5. Make a decision regarding the requested accommodation(s)—and then communicate it to the employee and document it for the file! In this case, the Court concluded: “The evidence suggests that a reasonable accommodation was readily available; [the employee] simply needed further medical testing and a prescription to control her narcolepsy.” The Court’s statement doesn’t provide guidance as to what exactly the reasonable accommodation would be, e.g., allow rest periods during the period of medical testing and until the narcolepsy was controlled by medication, leave of absence while the medical testing was being conducted, or a reassignment of shift? However, the takeaway is the employer must participate in the interactive process and make a determination regarding the requested accommodation(s)—even if the ultimate determination is the accommodation is not reasonable or creates an undue hardship (a topic for another day).

One Last Thought: This case touches on the related topic of what to do when an employee claims a disability and requests an accommodation for the first time in response to discipline—exactly what happened here. We’ll cover that important issue in an upcoming post!

YES, VIRGINIA, EMPLOYEES STILL NEED TO BE “DISABLED” TO TAKE ADVANTAGE OF THE ADA

  Since the ADA Amendments Act, the EEOC has been instructing employers to “skip over” the analysis of whether an employee is  “disabled” under the ADA (e.g., has a mental or physical impairment substantially limiting a major life activity), and instead go straight to the interactive process and offering accommodations.  Indeed, in crafting and enacting the ADA Amendment Act, Congress specifically intended “the primary object of attention in cases brought under the ADA should be whether entities covered under the ADA have complied with their obligations [ ] and . . .  that the question of whether an individual’s impairment is a disability under the ADA should not demand extensive analysis.” 42 U.S.C. § 1201 (note).

In Neely v. PSEG Texas, Limited Partnership, 735 F.3d 242 (5th Cir. 2013), the plaintiff adopted the EEOC’s position and argued the Court erred in submitting a jury question regarding disability—“Was [plaintiff] a qualified individual with a disability?”—as a predicate to a finding of discrimination regarding his termination claim and failure to accommodate claim under the ADA.   Plaintiff suggested under the textual changes to the ADA by the ADA Amendments Act, it is now unnecessary for a plaintiff to prove, and the jury to find, the plaintiff was “disabled” under the ADA.

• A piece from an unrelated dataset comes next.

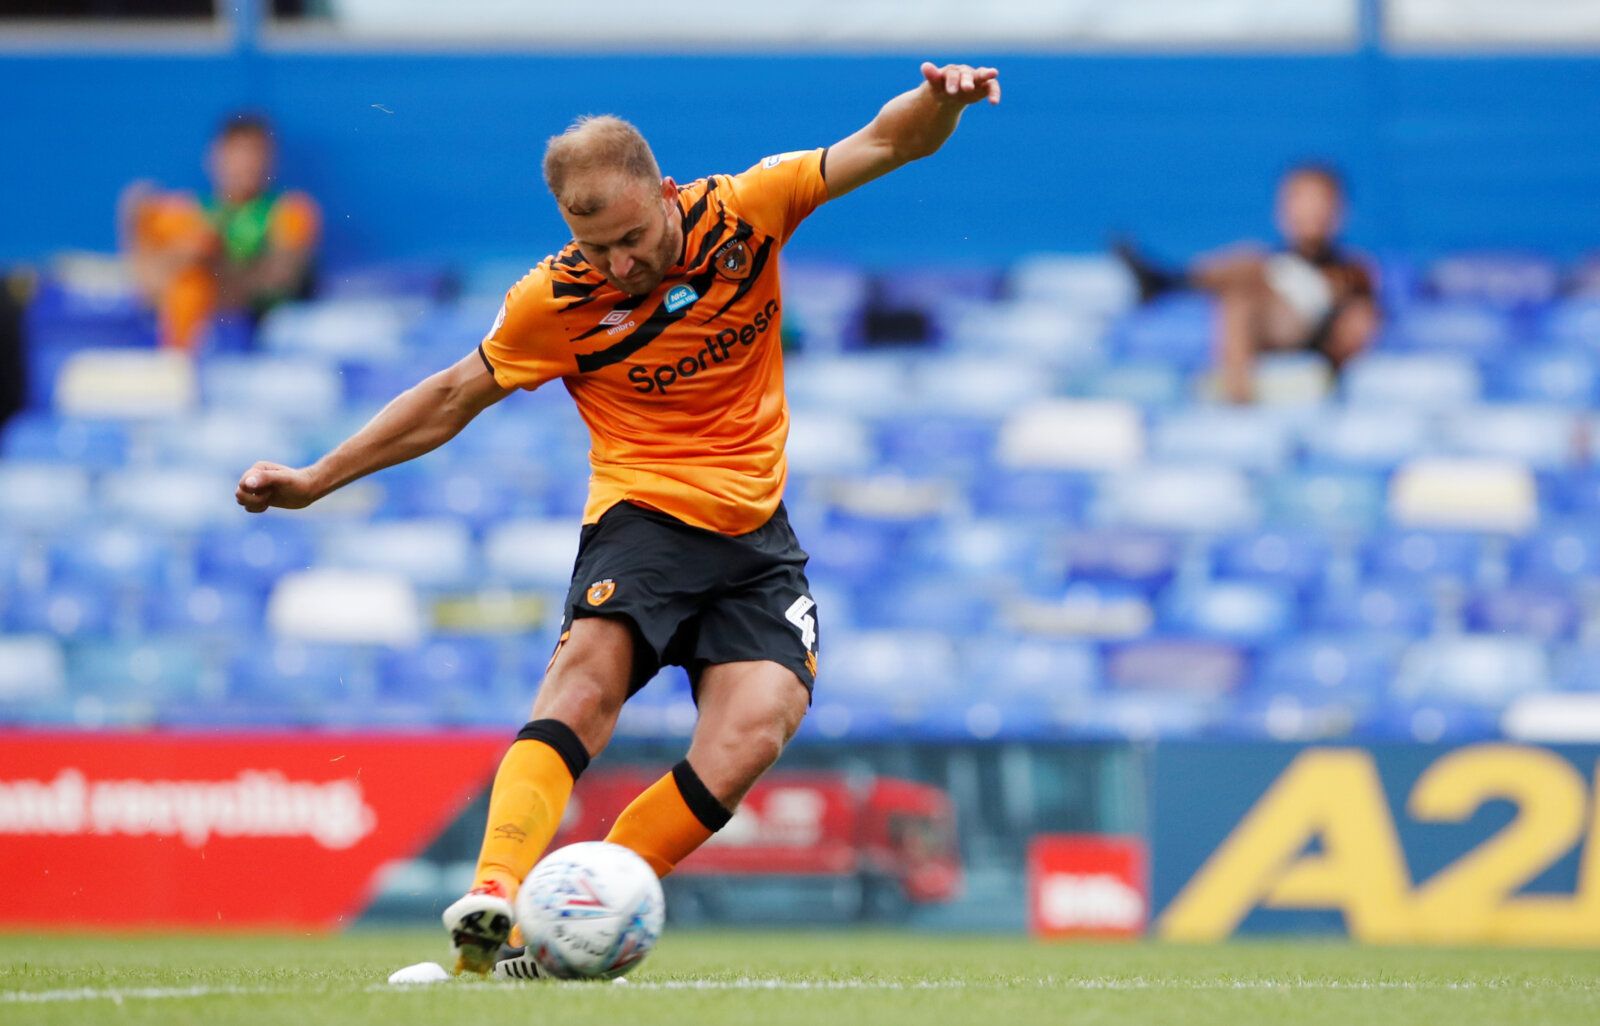 Soccer Football - Championship - Birmingham City v Hull City - St Andrew's, Birmingham, Britain - June 27, 2020 Hull City's Herbie Kane scores their third goal, as play resumes behind closed doors following the outbreak of the coronavirus disease (COVID-19)  Action Images/Andrew Couldridge  EDITORIAL USE ONLY. No use with unauthorized audio, video, data, fixture lists, club/league logos or

In what seems an obvious but nonetheless an important and positive clarification for employers, the Fifth Circuit disagreed and held in order for employees to avail themselves of the ADA, they must in fact be “disabled.”  The Fifth Circuit ruled that although the ADA Amendments Act expresses Congress’s intention to broaden the definition and coverage of the term “disability,” it  “in no way eliminated the term from the ADA or the need to prove a disability on a claim of disability discrimination” or a claim of failure to accommodate.  The Court states:

[B]ecause the jury instruction definition of “disability” and “qualified individual” properly conform to the ADAAA (and because the term “disability,” even in its broadest sense, remains to be proved in claims under the ADA), there is no abuse of discretion—or even error—in the use of the terms in the . . . verdict question.

Id. at 246-47.

THE TAKEAWAY:

Employers should still examine whether an employee meets the “disability” definition before engaging in the interactive process and offering accommodations.   Litigators should continue to argue plaintiffs do not meet the definition of “qualified person with a disability,” and thus do not have the protection of the law.